Finally, regarding the region where \( \mathfrak {C}(h) \) becomes negative, i.e. \( r\ge 5M \), note that the Poincare inequality used earlier for \( b = \frac{1}{2} \) is sufficient to make it positive definite for all \( \ell \ge 1. \)

Combining all the above allows us to find a positive constant C that depends only on M such that

$$\begin{aligned} \mathfrak {C}(h)+ z_1^{^{(\ell )}} \ge C \dfrac{\sqrt{D}}{r^3}. \end{aligned}$$

The zeroth order term of \( K^{X,G,h}[\Psi _2^{^{(\ell )}}],\ \ell \ge 2.\) We approach this case similarly and now have

$$\begin{aligned} z_2^{^{(\ell )}}&= \dfrac{1}{r^3}x(1-x)f \Big (-18x^2+9x-\ell (5x-2) \Big ) \\&= \dfrac{1}{r^3}x(1-x)f \Big ( -(2\ell +9x)(2x-1) - \ell x\Big ) \\&= -\dfrac{(2\ell +9x)}{r^3}(1-x)f\cdot P - \dfrac{\ell }{r^3}x^2(1-x)f \end{aligned}$$

  • Using Poincare inequality, we control the first term as

    $$\begin{aligned}&-\dfrac{(2\ell +9x)}{r^3}(1-x)f\cdot P + \dfrac{a}{r^3}\ell (\ell +1)f\cdot P \\&\quad = \dfrac{1}{r^3}f\cdot P \Big ( -(1-x)(2\ell +9x) + a\ell (\ell +1) \Big ) \\&\quad = \dfrac{1}{r^3}f\cdot P \Big ( 9x^2+(2\ell -9)x + \ell (a(\ell +1)-2) \Big ) \end{aligned}$$

    and by checking the discriminant of the quadratic polynomial, it suffices to have \( a\in (0,1) \) such that

    $$\begin{aligned}&(2\ell -9)^2-36\ell (a(\ell +1)-2)<0, \hspace{1cm} \forall \ \ell \ge 2 \\ \Leftrightarrow&a>\dfrac{(2\ell +9)^2}{36\ell (\ell +1)}, \hspace{1cm} \forall \ \ell \ge 2 \end{aligned}$$

    However, the right-hand side term satisfies for all \( \ell \ge 2 \)

    $$\begin{aligned} \dfrac{(2\ell +9)^2}{36\ell (\ell +1)} \le \dfrac{(4+9)^2}{36\cdot 6} < 0.79, \end{aligned}$$

    thus \( a=0.79 \) is sufficient to make the first term of \( z_2^{(\ell )} \) non-negative for all \( \ell \ge 2. \)

  • There is a remaining fraction \( 0<b<0.21 \) we can use to bound the second term of \( z_2^{(\ell )} \) and with the help of \( \mathfrak {C}(h) \) we can show uniform positivity for the zeroth order term.

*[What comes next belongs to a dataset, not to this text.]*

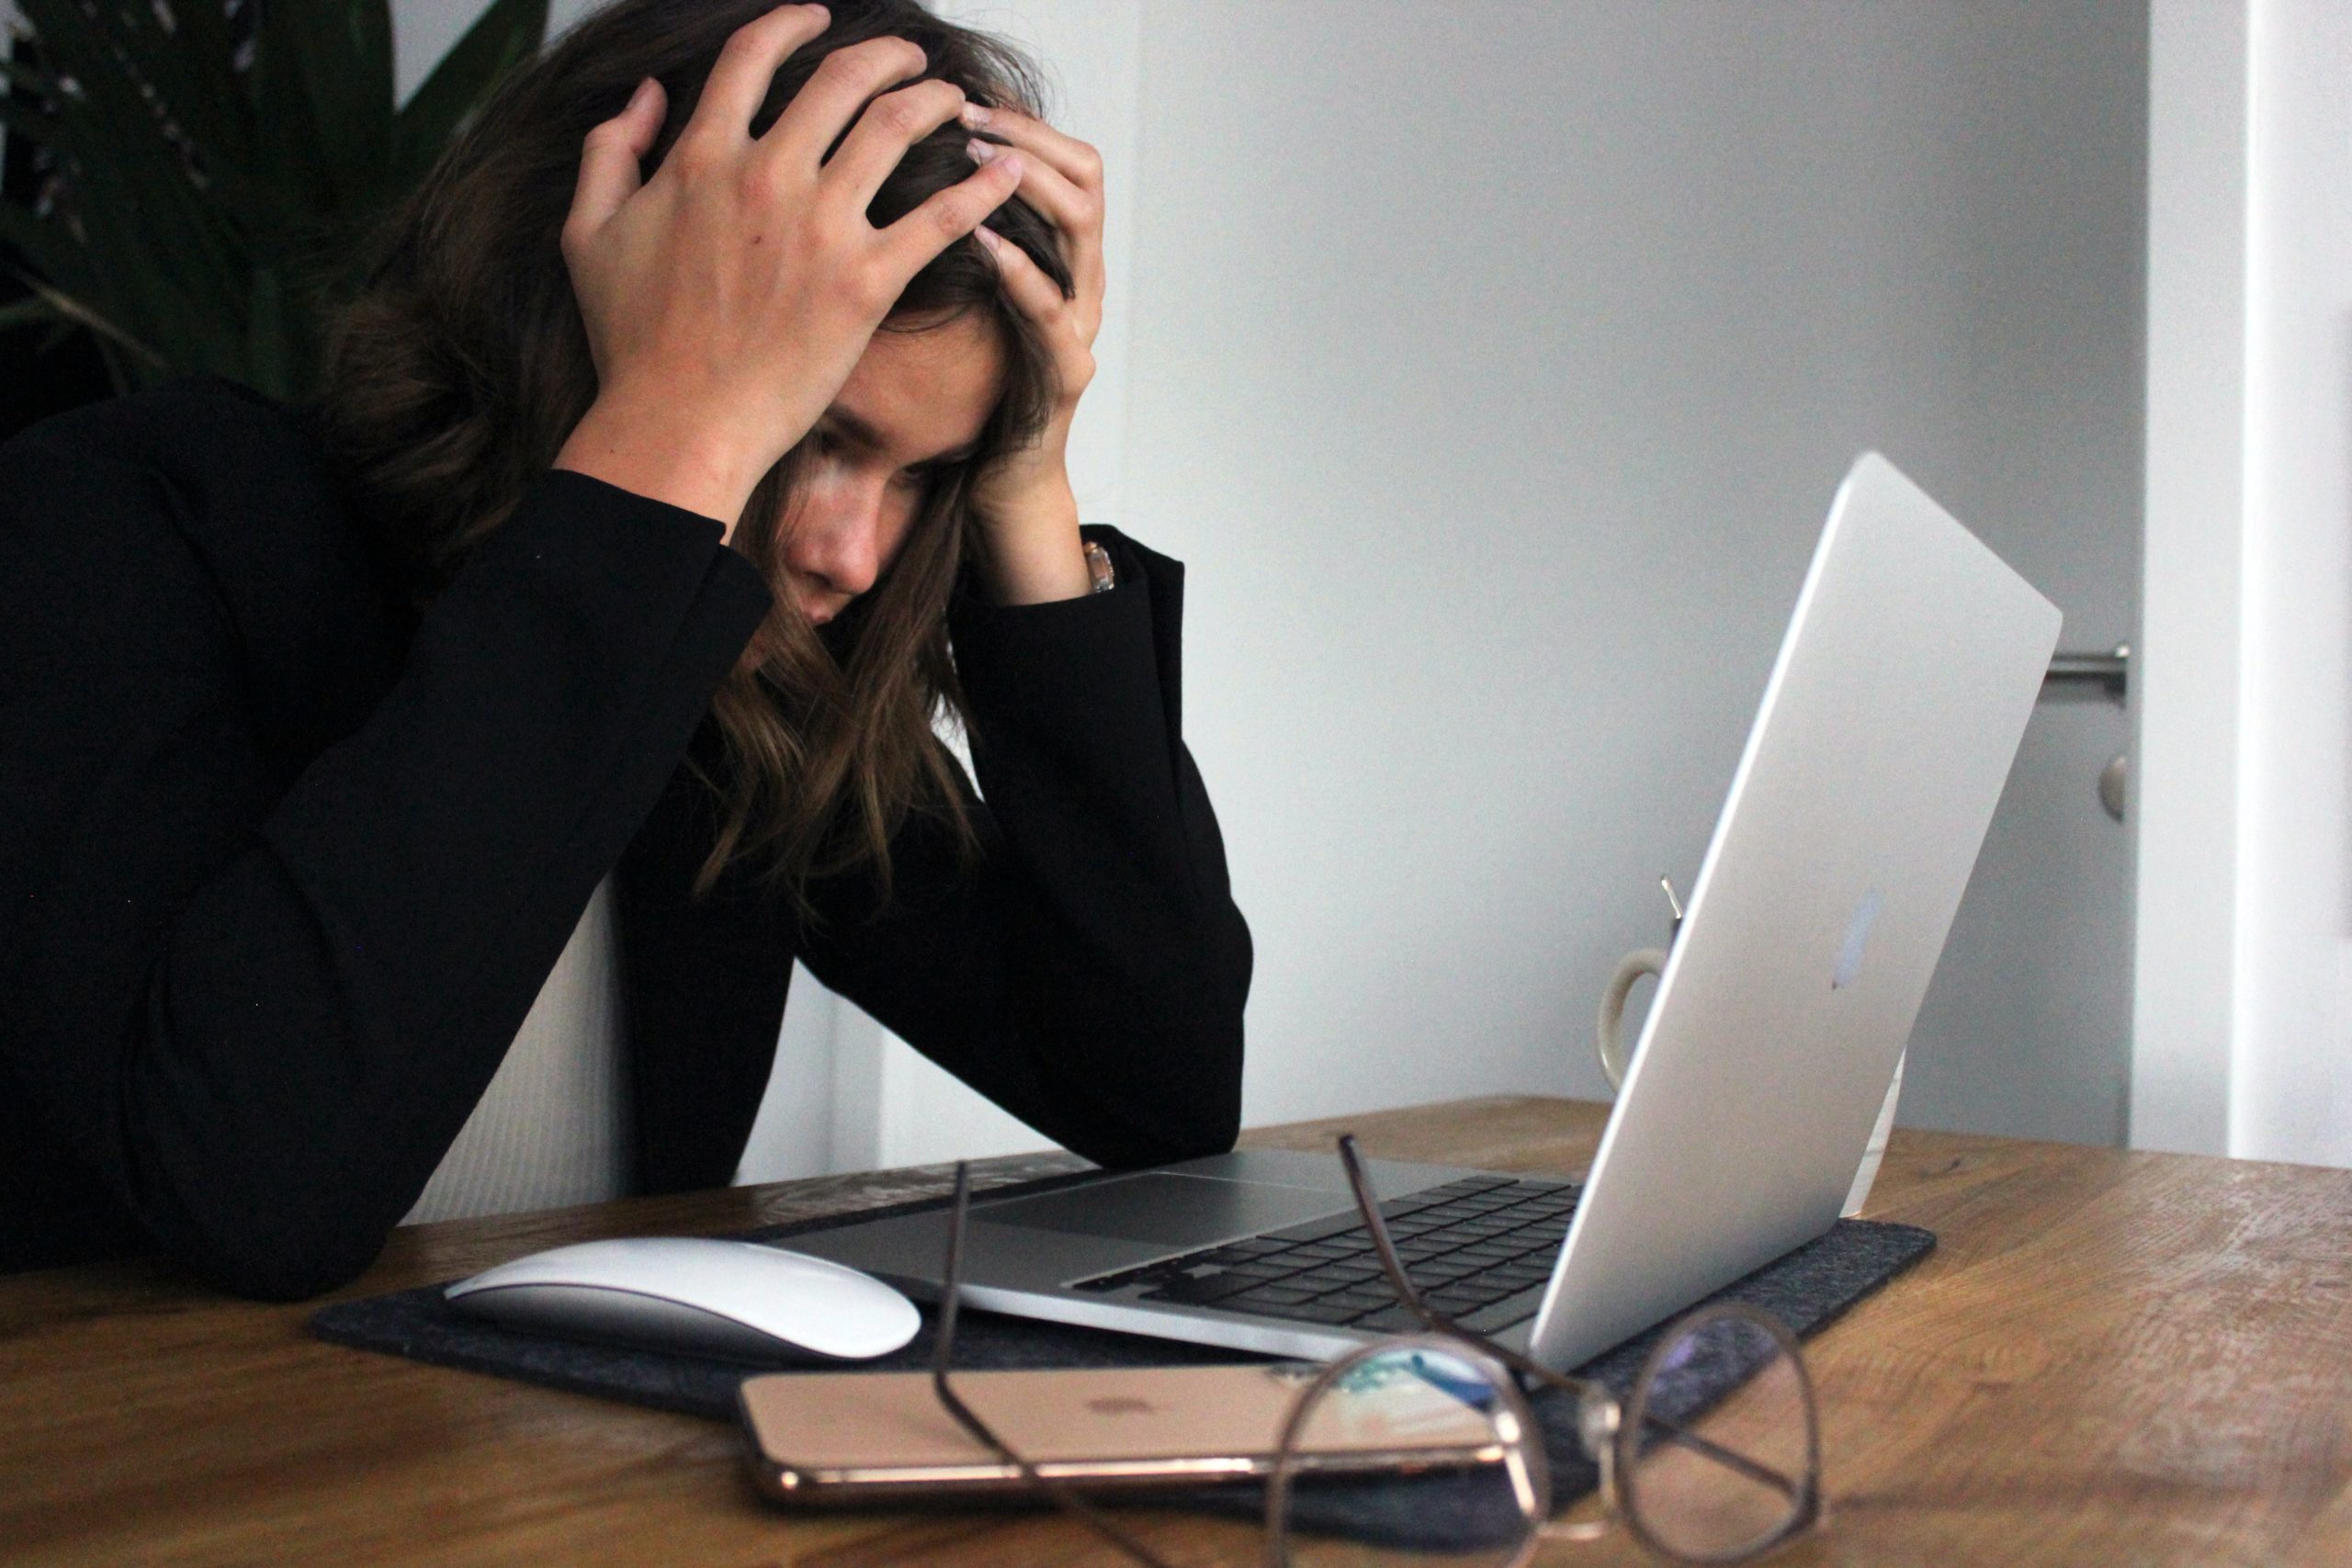 Woman looking at her laptop with hands on her head in frustration

In particular, we have

    $$\begin{aligned}&- \dfrac{\ell }{r^3}x^2(1-x)f\ +\ b\ell (\ell +1) f\cdot P \ge - \dfrac{\ell }{r^3}x^2(1-x)f +b\ell (\ell +1)x f\cdot P \\&\quad = \dfrac{\ell }{r^3}x^2(3x-2) (2x-1)\Big (b(\ell +1)(2x-1)-(1-x)\Big ) \\&\quad := \dfrac{\ell }{r^3}x^2(3x-2)\cdot p_{\ell }(x) \end{aligned}$$

    Clearly, for \( x\le \frac{1}{2} \) the expression above is non-negative, and for \( x>\frac{1}{2} \) it is negative only in the interval \( N_{\ell }:=\left( \frac{1}{2},x_{\ell }\right) \), where \( x_{\ell }:= \frac{1+b(\ell +1)}{2b(\ell +1)+1}>\frac{1}{2} \) and we have \( x_{\ell } \xrightarrow {\ell \rightarrow \infty } \frac{1}{2}. \) It’s straight forward calculations to check that \( p_{\ell }(x) \) attains its minimum at \( {\underline{x}}_{\ell } = \frac{4b(\ell +1)+3}{2(4b(\ell +1)+2)}\) with the value

    $$\begin{aligned} p_{\ell }(x)\ge p_{\ell }({\underline{x}}_{\ell }) = - \dfrac{1}{8\Big (2b(\ell +1)+1 \Big )}, \hspace{1cm} \forall \ell \ge 2, \ \forall x \in N_{\ell }. \end{aligned}$$

    We choose \( b=0.2<0.21 \) and thus we have for all \( \ell \ge 2,\ x\in N_{\ell }, \)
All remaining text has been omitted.